_TASK BRIEF_:
Of all the entries below, retype only the lines from the one with "Rebel Wolves延聘《巫师3》资深人士为创意总监 3A偶幻RPG开支中" through the one with "Цветная фотография звездных", exactly as they appear.

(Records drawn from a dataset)

—————

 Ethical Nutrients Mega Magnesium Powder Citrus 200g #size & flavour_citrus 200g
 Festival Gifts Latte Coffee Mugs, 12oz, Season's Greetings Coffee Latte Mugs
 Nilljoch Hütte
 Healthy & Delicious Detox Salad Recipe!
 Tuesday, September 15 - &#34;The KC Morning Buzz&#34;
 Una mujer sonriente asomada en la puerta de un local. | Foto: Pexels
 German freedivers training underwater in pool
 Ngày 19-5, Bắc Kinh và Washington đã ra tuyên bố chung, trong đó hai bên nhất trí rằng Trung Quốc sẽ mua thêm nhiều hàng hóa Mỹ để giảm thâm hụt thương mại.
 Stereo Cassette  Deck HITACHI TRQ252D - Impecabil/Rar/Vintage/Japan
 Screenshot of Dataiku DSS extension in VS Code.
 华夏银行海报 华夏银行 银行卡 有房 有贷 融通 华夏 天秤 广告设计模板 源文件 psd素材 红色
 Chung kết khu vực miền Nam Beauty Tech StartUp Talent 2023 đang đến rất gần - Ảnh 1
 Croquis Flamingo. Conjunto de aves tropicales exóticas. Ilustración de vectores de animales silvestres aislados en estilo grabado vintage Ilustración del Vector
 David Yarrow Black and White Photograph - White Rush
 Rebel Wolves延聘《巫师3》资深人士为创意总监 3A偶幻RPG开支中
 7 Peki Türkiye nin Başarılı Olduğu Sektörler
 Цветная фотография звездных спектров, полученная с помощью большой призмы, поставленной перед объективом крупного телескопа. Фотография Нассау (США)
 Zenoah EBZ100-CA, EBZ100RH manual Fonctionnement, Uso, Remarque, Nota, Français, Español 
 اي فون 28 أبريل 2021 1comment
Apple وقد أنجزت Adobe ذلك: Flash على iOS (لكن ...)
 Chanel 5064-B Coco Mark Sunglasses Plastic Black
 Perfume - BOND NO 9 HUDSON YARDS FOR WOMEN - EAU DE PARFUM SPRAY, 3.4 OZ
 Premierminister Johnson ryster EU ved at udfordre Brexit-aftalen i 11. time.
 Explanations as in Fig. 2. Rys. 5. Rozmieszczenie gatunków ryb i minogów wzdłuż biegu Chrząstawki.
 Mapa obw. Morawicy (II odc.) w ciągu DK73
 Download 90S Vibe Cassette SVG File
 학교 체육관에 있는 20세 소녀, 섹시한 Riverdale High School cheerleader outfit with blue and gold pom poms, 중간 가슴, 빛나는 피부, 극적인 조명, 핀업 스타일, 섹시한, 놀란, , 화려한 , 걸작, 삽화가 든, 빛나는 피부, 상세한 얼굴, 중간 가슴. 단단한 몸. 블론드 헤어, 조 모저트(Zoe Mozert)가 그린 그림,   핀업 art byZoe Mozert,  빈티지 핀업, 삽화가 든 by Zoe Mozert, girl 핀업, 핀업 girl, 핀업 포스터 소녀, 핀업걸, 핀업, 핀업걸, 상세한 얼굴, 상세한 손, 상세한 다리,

—————

_ANSWER FOR THIS EXERCISE_:
 Rebel Wolves延聘《巫师3》资深人士为创意总监 3A偶幻RPG开支中
 7 Peki Türkiye nin Başarılı Olduğu Sektörler
 Цветная фотография звездных спектров, полученная с помощью большой призмы, поставленной перед объективом крупного телескопа. Фотография Нассау (США)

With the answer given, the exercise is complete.